* Exercise aim: Shown below are entries with pictures; the line with "Farm Lantern (ca." through the line with "3 x Audi Stickers for Mirror - White" is the span to retype exactly, and the pictures stay out.

* Provided information:

○ ○ ○ ○ ○

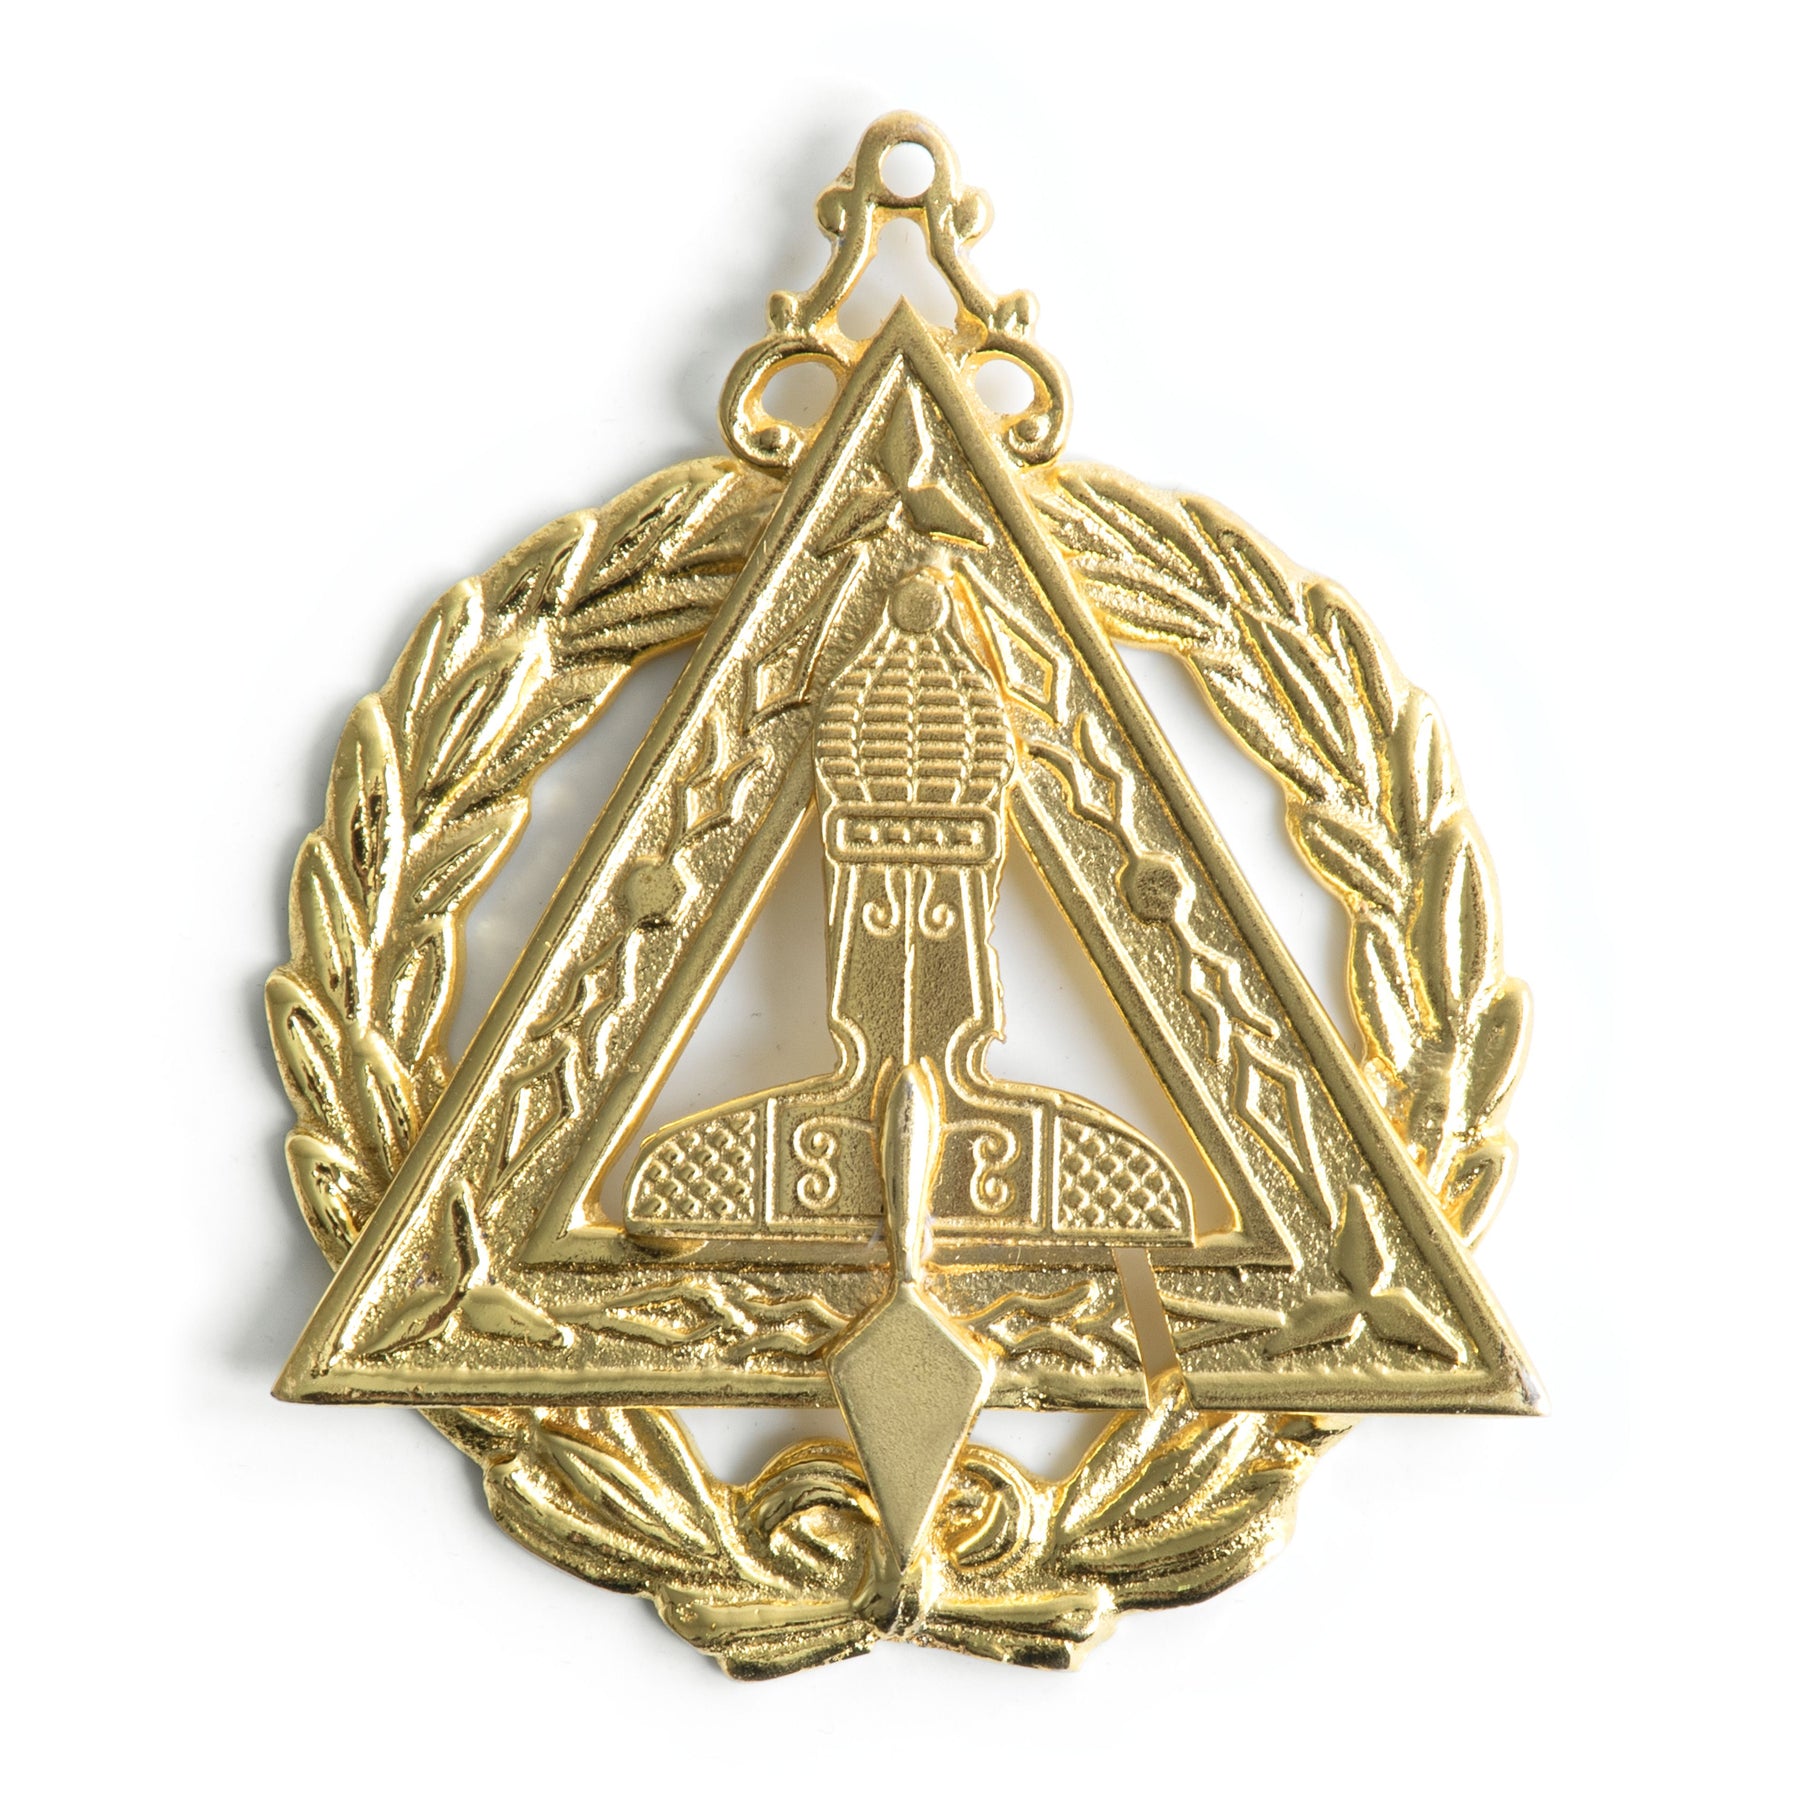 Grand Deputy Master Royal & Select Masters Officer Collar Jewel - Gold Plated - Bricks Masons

○ ○ ○ ○ ○

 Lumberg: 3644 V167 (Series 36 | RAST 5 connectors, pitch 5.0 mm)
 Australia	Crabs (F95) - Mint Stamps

○ ○ ○ ○ ○

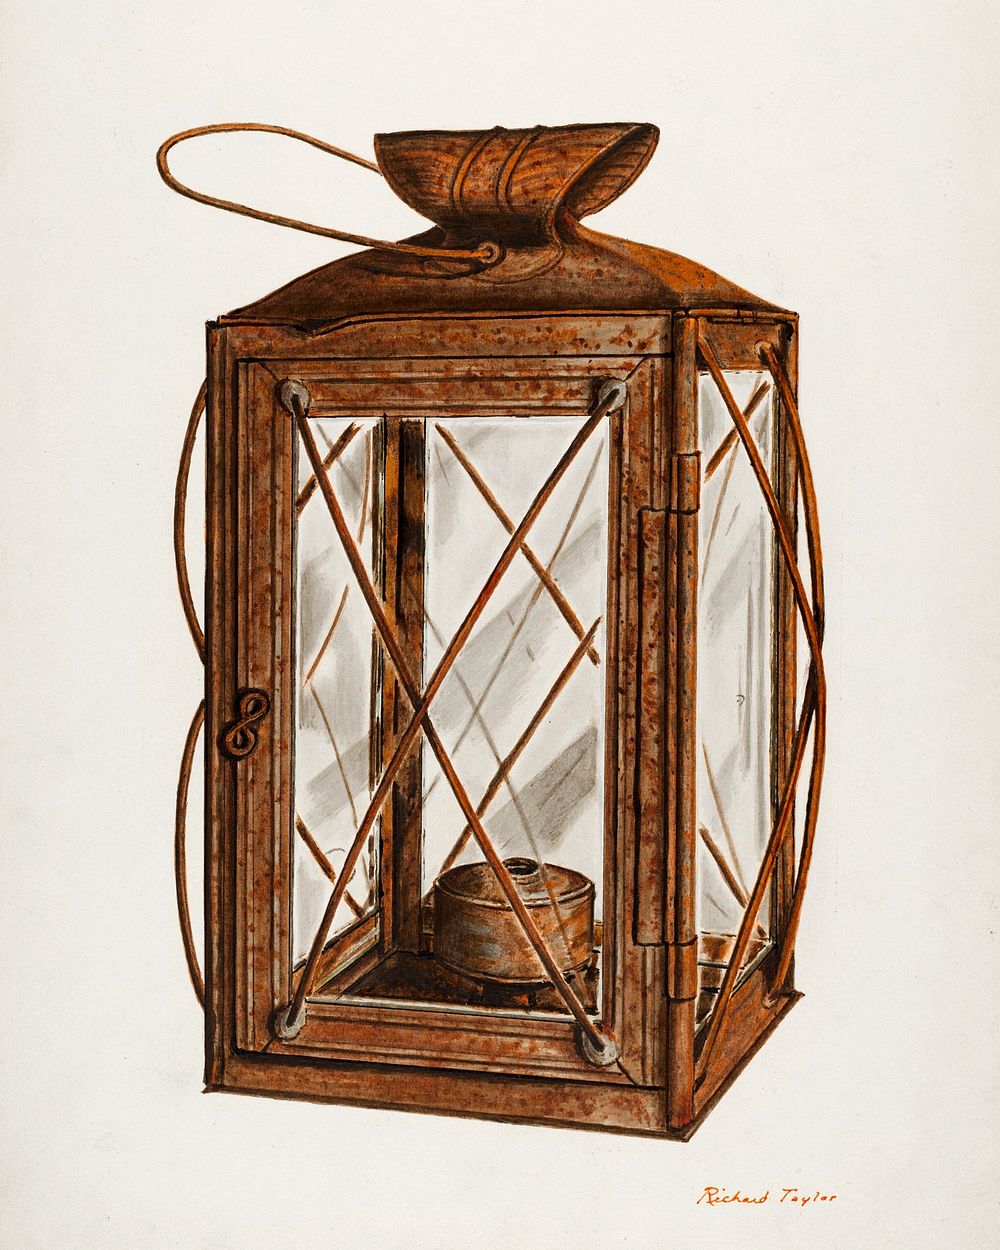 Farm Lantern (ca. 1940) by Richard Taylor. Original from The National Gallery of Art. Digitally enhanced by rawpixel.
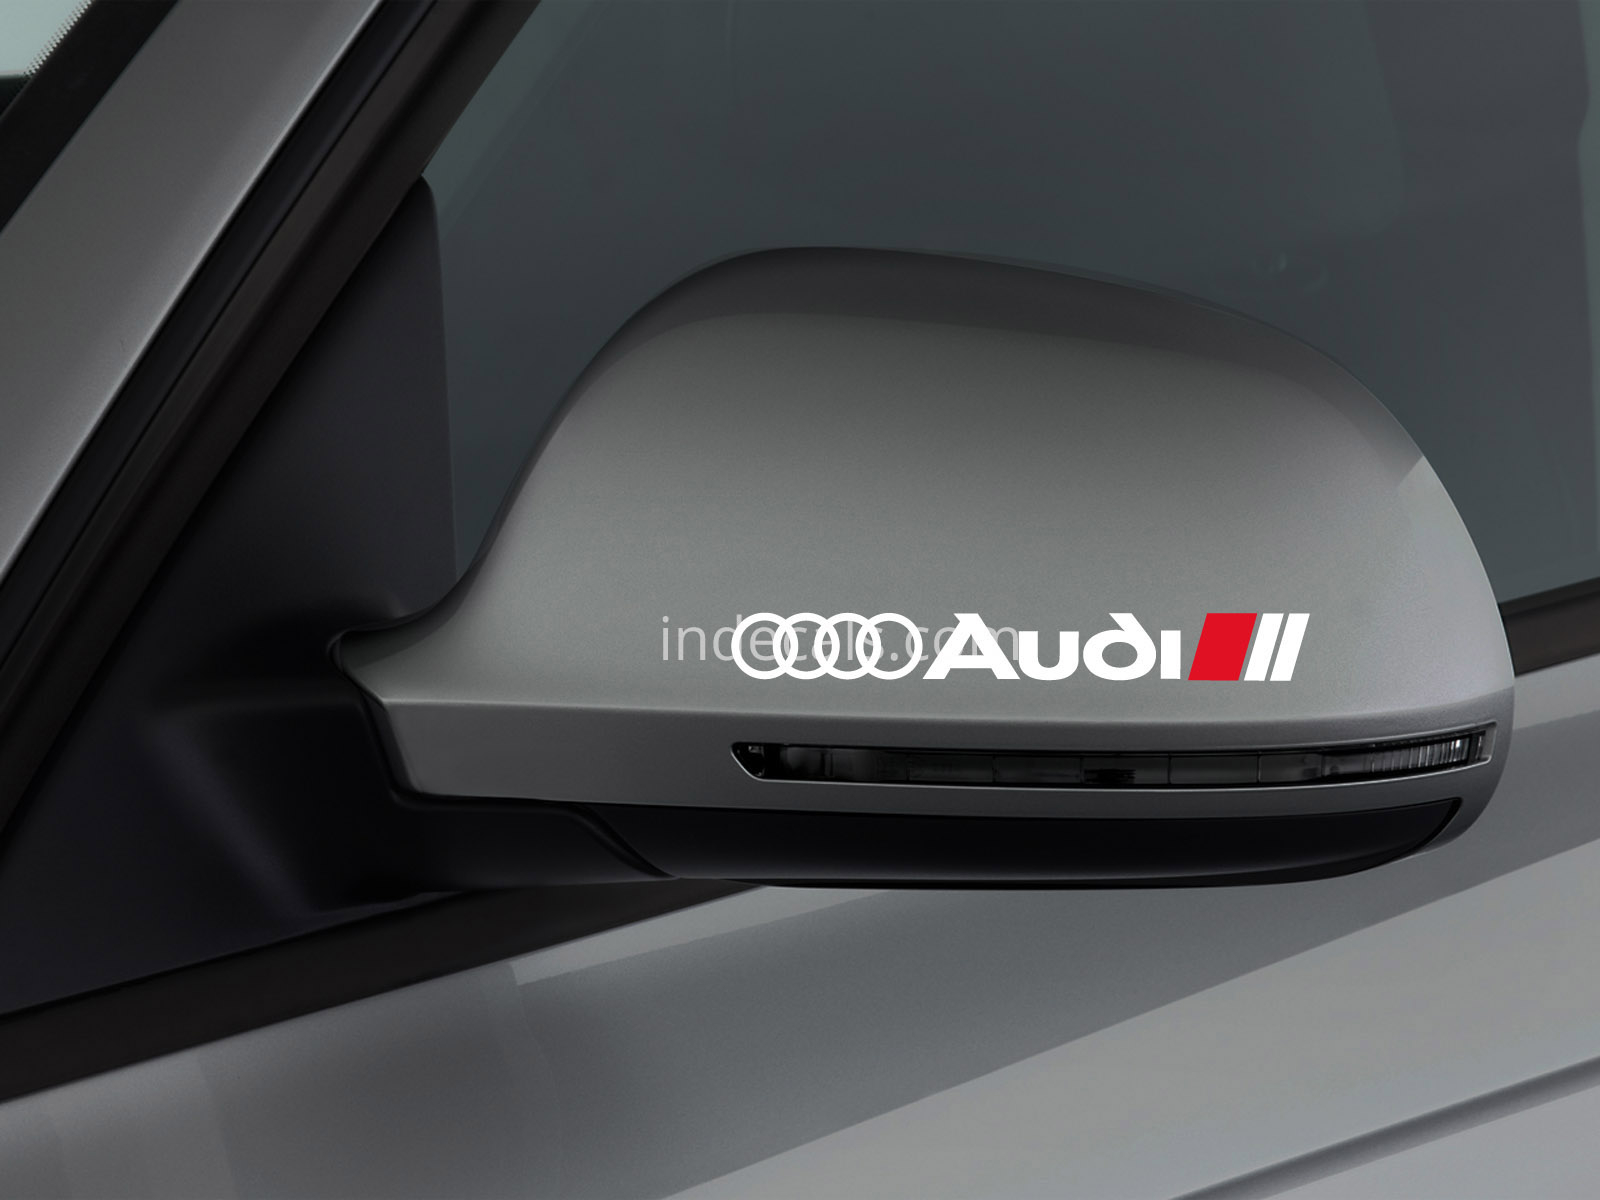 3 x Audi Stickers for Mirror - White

○ ○ ○ ○ ○

* Response to the exercise:
 Farm Lantern (ca. 1940) by Richard Taylor. Original from The National Gallery of Art. Digitally enhanced by rawpixel.
 3 x Audi Stickers for Mirror - White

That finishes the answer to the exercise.